Оказалось, тетя собирается перевести весь свой бизнес в Нью-Йорк, так что она у нас, похоже, задержится. Конечно, она могла бы поселиться в одном из тех фешенебельных нью-йоркских отелей, где горничные моют тебе ноги и воду пьют, но тут мы имеем дело с семейной традицией, незыблемой, как десять заповедей или правило Миранды: «Вы обязаны всегда останавливаться у родственников, и все, что вы скажете, может и будет использовано против вас в любой момент до конца вашей жизни».

Вот почему мама, вооружившись лимонной политурой, трет и трет мебель, пока та не начинает сверкать как новенькая.

— Постарайся вести себя прилично, когда приедет тетя Мона, — просит она меня.

— Ладно, ладно. — Подобные просьбы я слышал и раньше.

— Ты должен относиться к ней с уважением, нравится тебе это или нет.

— Ладно, ладно.

— И носи ту рубашку, которую она тебе подарила.

— В твоих снах.

Мама хохочет:

— Если эта рубашка появится в моих снах, то это уже будут не сны, а кошмары!

Я тоже не удержался от смеха: мама признала розово-оранжевое «дизайнерское» чудище худшей одежей из всех когда-либо созданных человеком. Странно, но после маминых слов таскать этот ужас показалось мне вроде не таким страшным. Безобразная рубашка превратилась во что-то вроде нашей тайной семейной шутки.
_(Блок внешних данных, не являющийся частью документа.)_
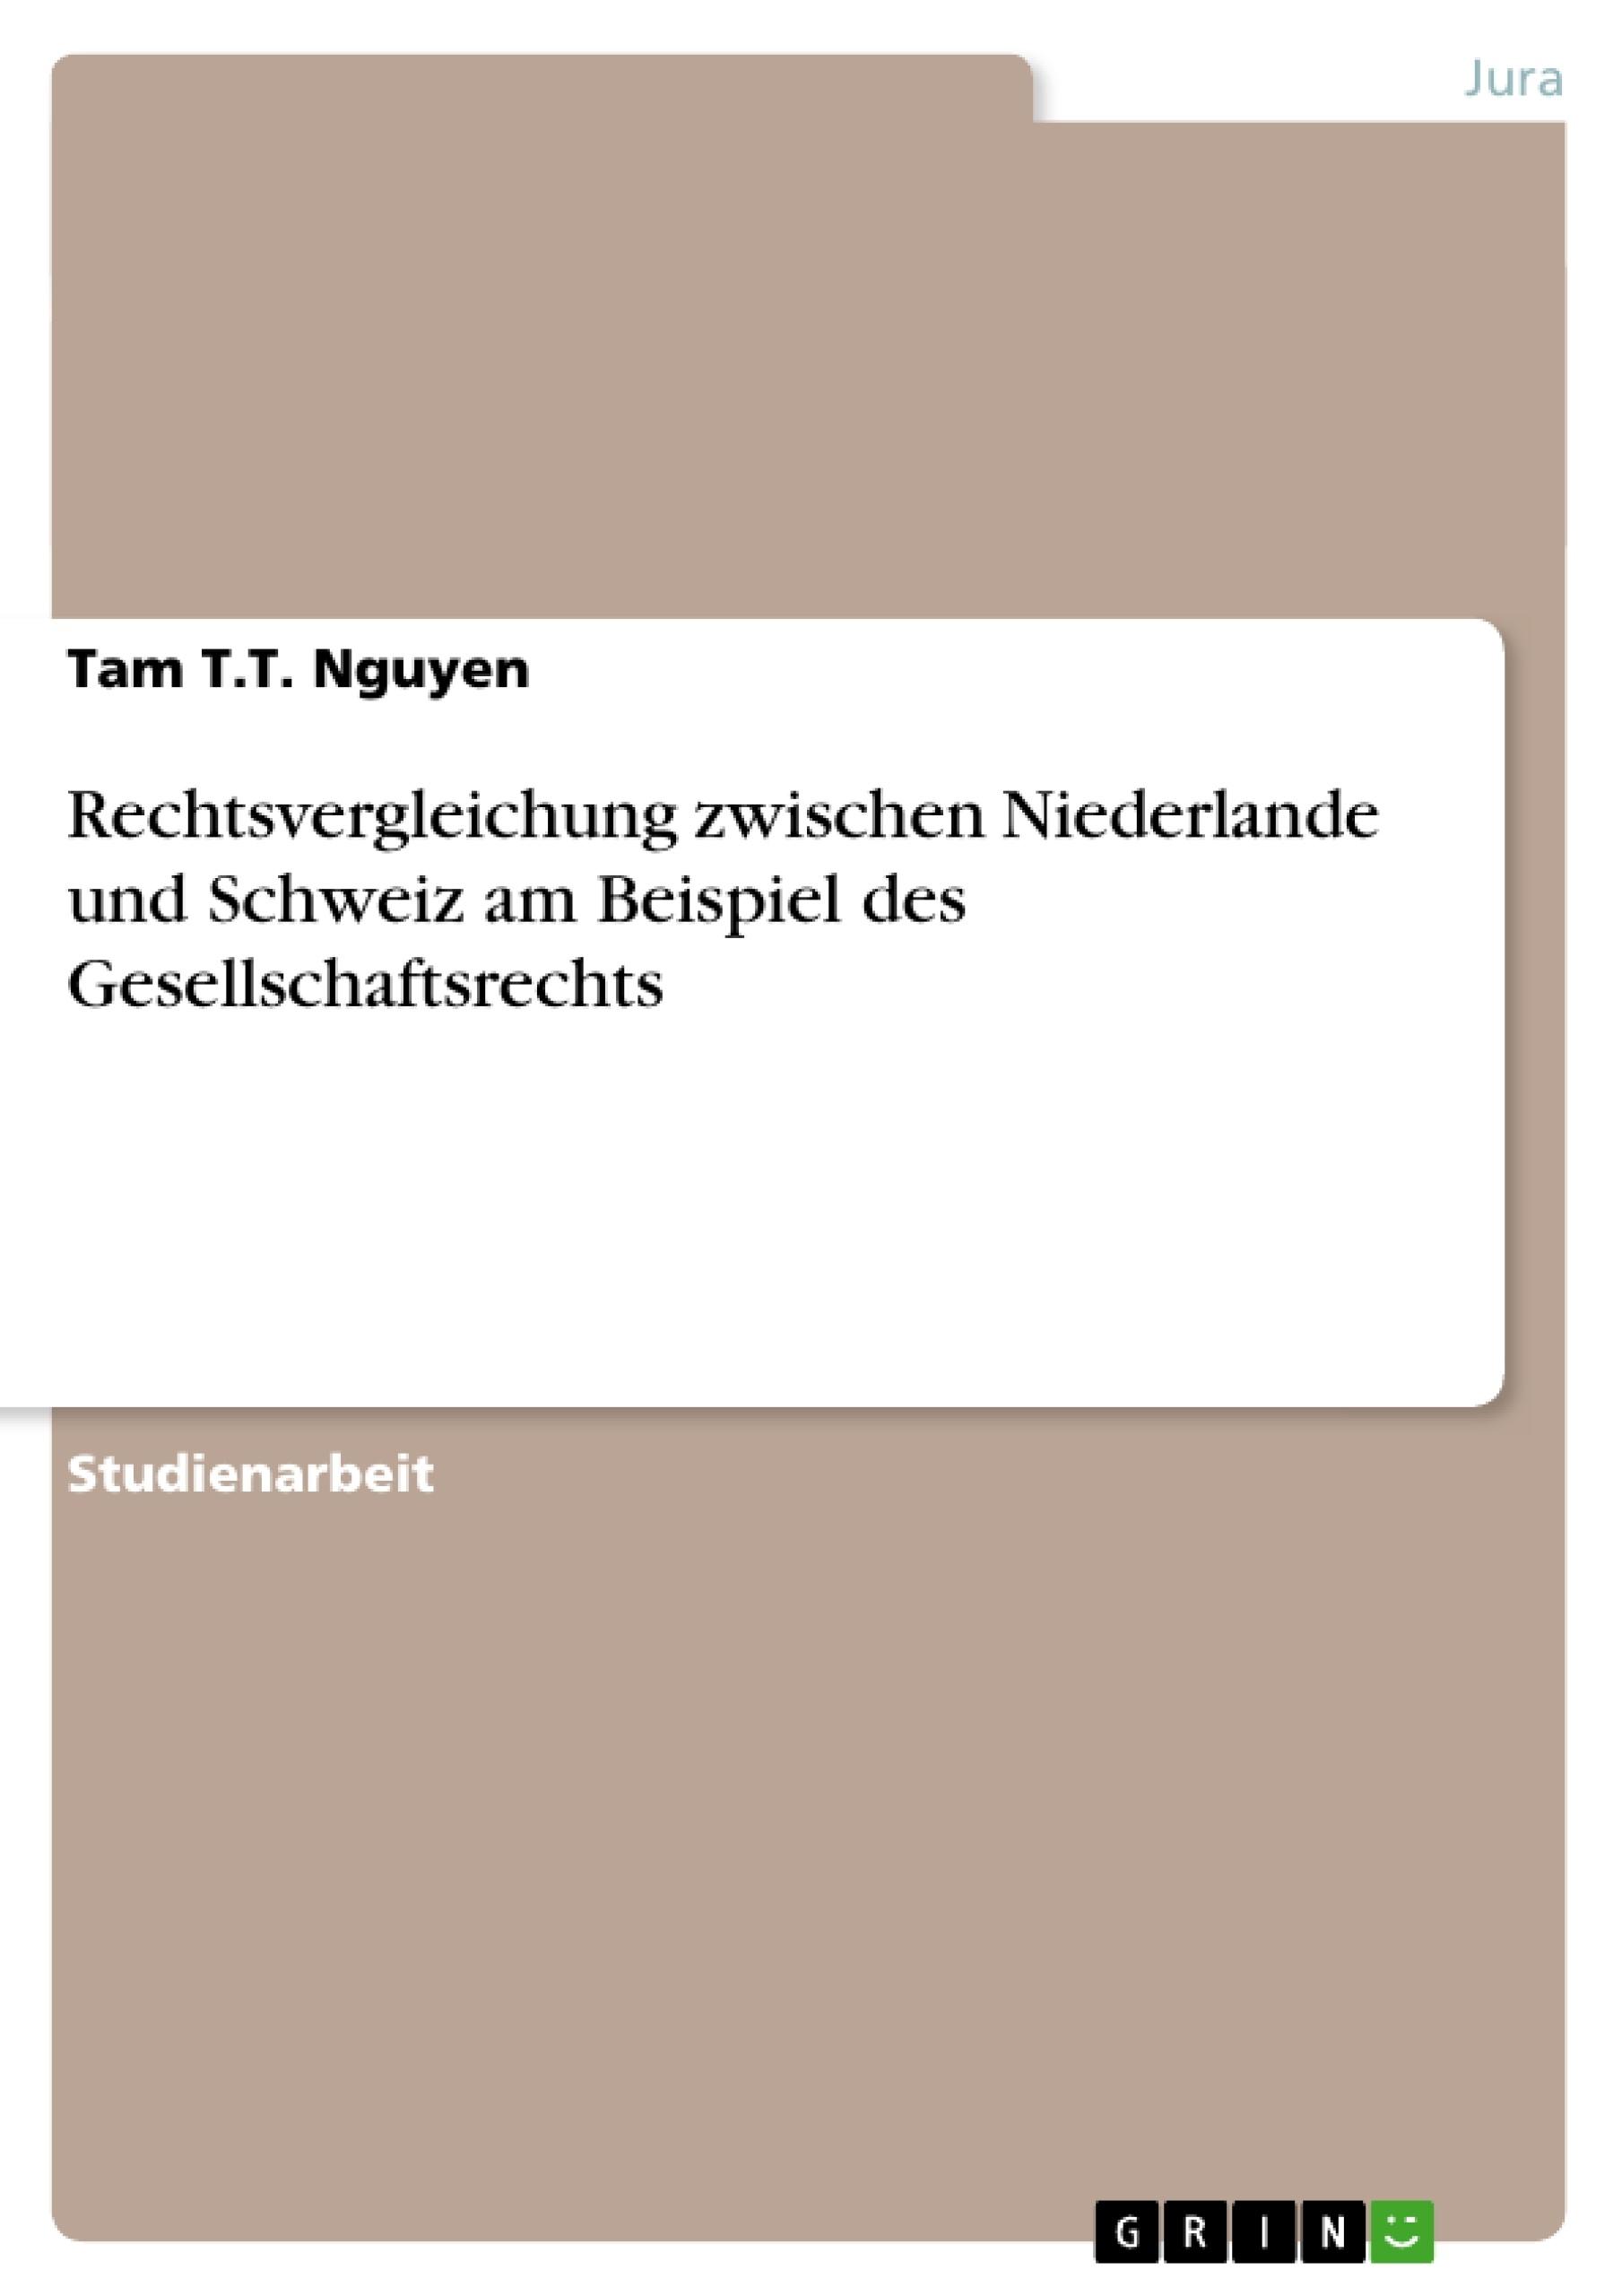 Titel: Rechtsvergleichung zwischen Niederlande und Schweiz am Beispiel des Gesellschaftsrechts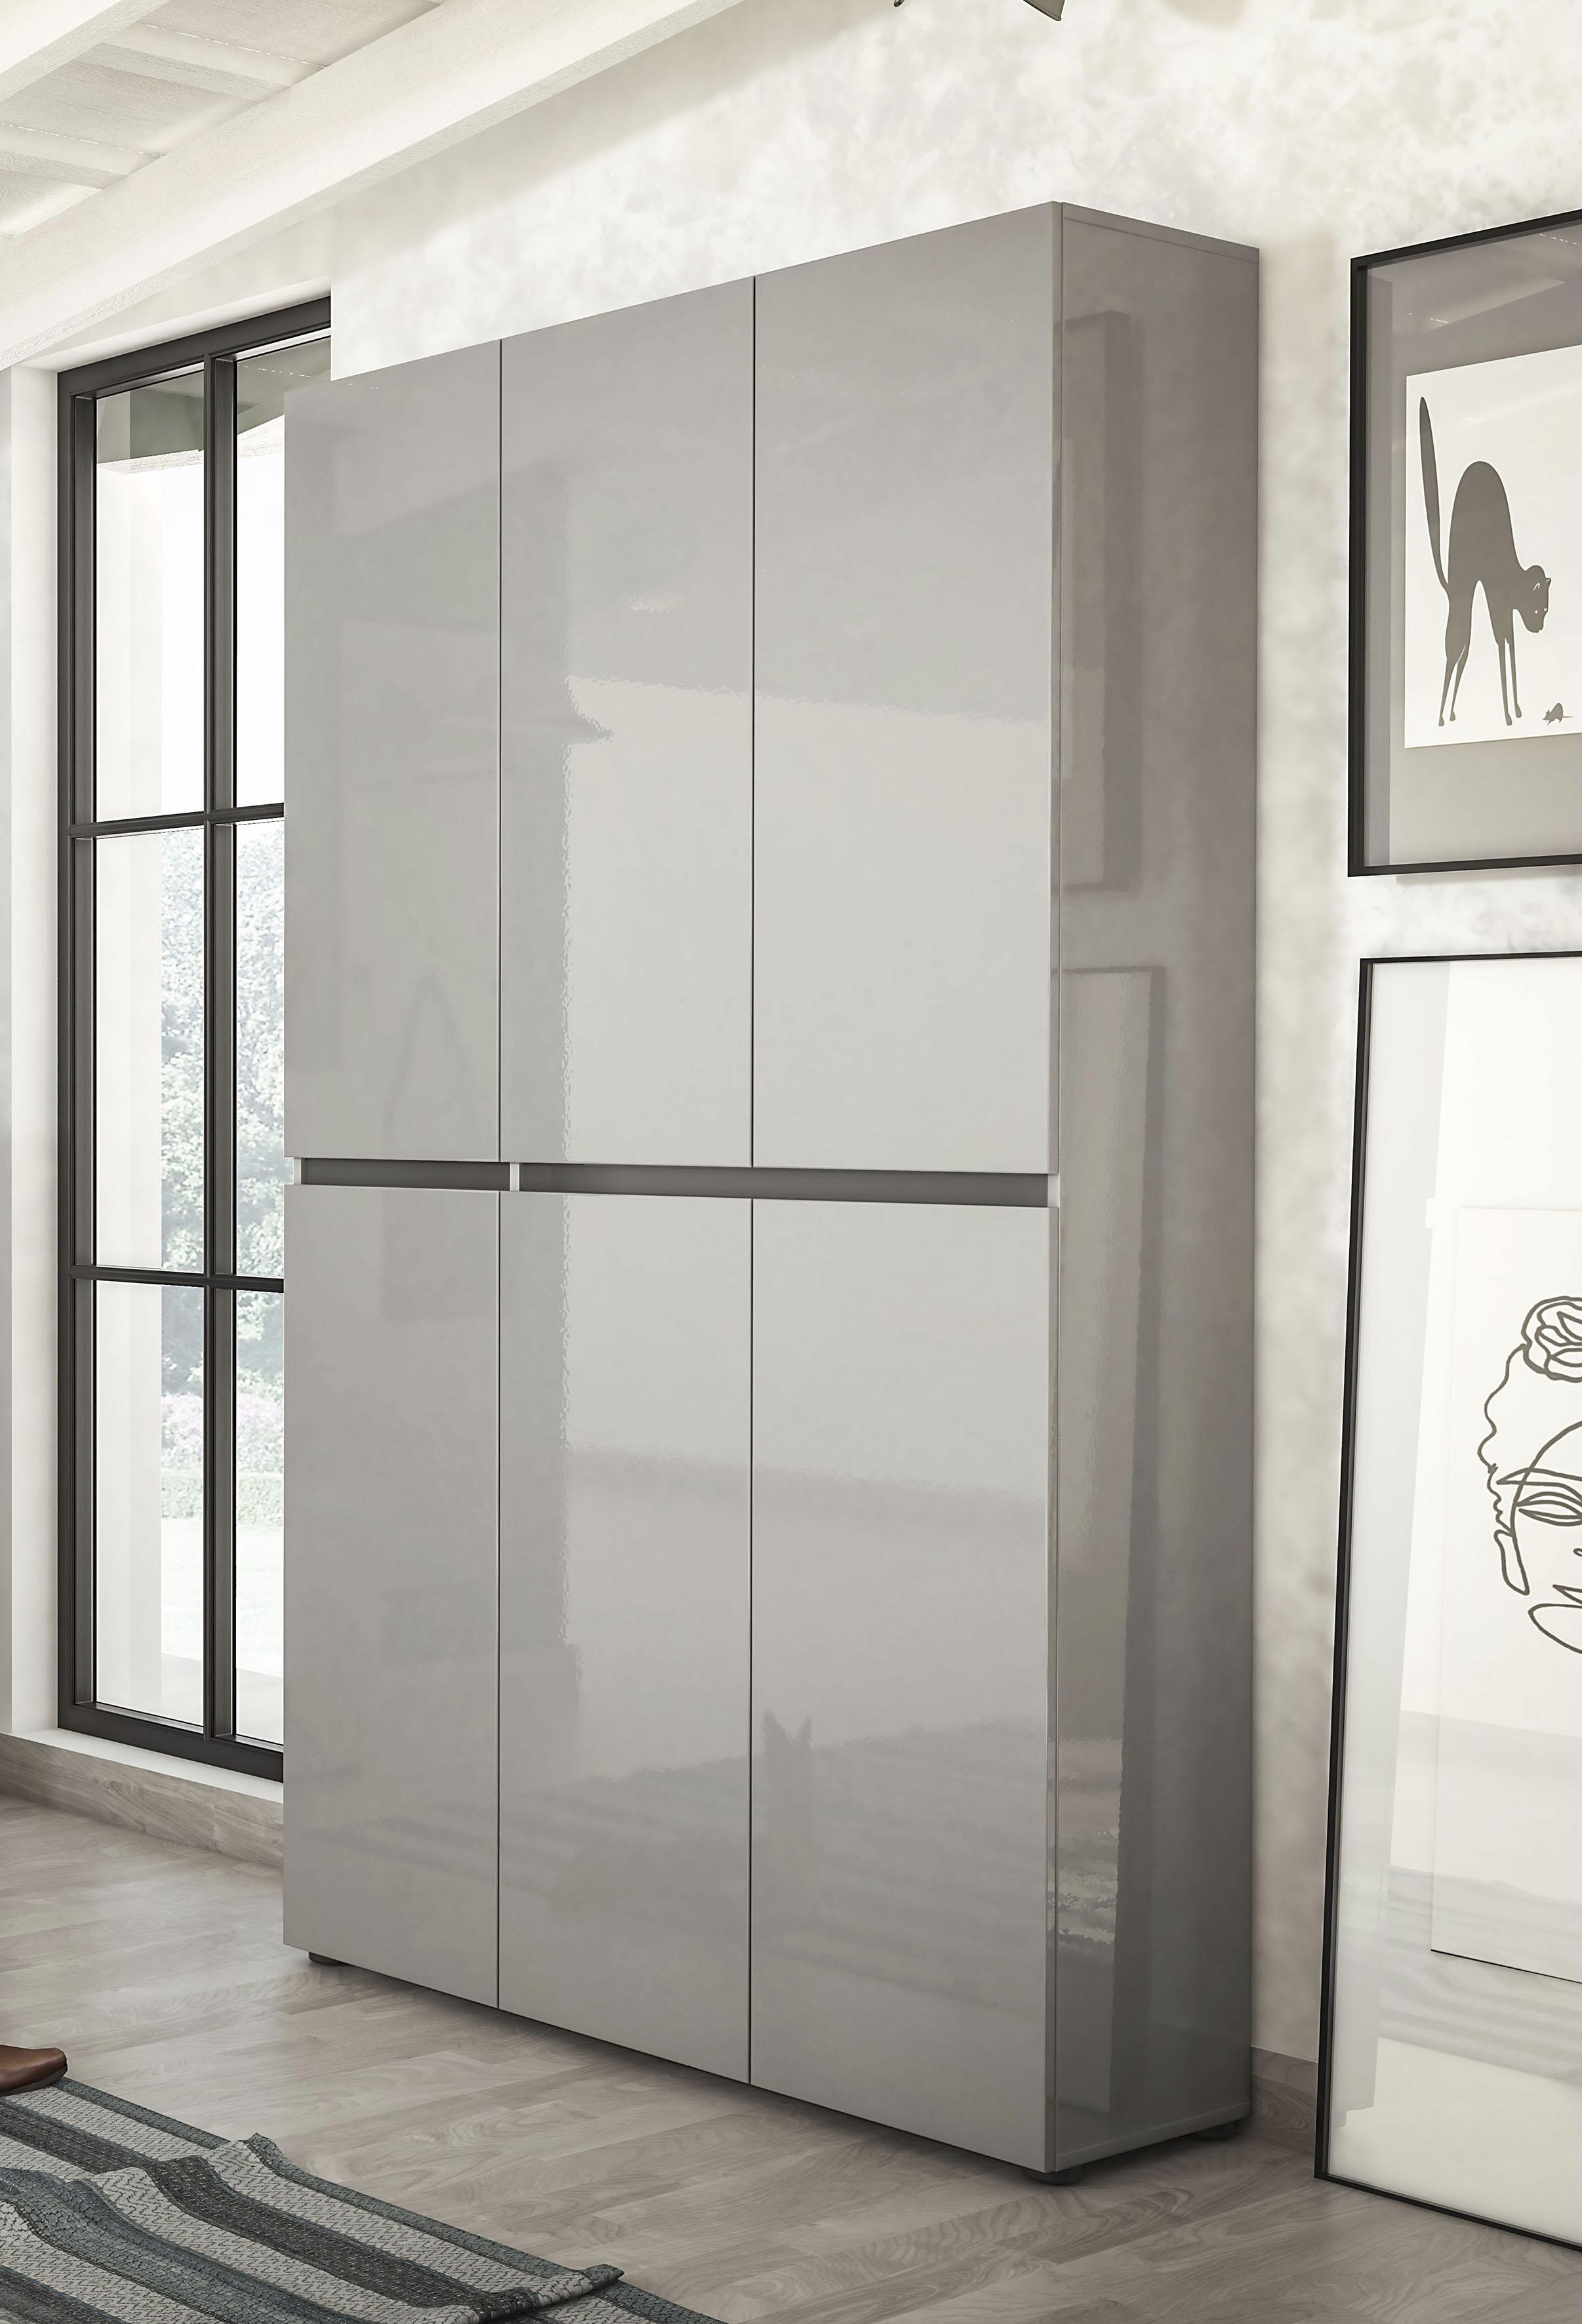 KITALY Schuhschrank »Mister«, Breite 120 cm, Höhe 200 cm, 6 Türen günstig online kaufen

Я взял одну из маминых тряпок и принялся полировать верхнюю часть горки с посудой — маме трудновато было туда достать. Она улыбнулась — должно быть, обрадовалась, что я проявил инициативу без просьб с ее стороны.

— И что, мне придется позориться в этой рубашке на людях?

— Нет, — сказала мама. Потом, помолчав, добавила: — Может быть. — И заключила: — Скорей всего.

Я не стал препираться, потому как что толку? Когда дело касается тети Моны, шансы выйти победителем еще меньше, чем в казино племени анавана. Хотя ладно — носить эту жуть все же лучше, чем то, что предстоит маме и Кристине. Им придется носить тети Монины духи.

У входной двери раздался звонок. Мама вскинула на меня расширившиеся глаза и застыла. Знаю, о чем она подумала. Тетя Мона никогда не появляется в объявленное время. Может приехать раньше, может позже, может вообще в другой день. Но чтоб на целую неделю раньше?..

— Не-е, — протянул я. — Наверняка это не она.

Я пошел к двери, готовый к тому, что сейчас меня окатит волна сногсшибательного аромата. Но это оказалась не тетя Мона, а двое мальчишек, судя по виду, четырех- или пятиклассников. Они протянули мне несколько бумажных листков.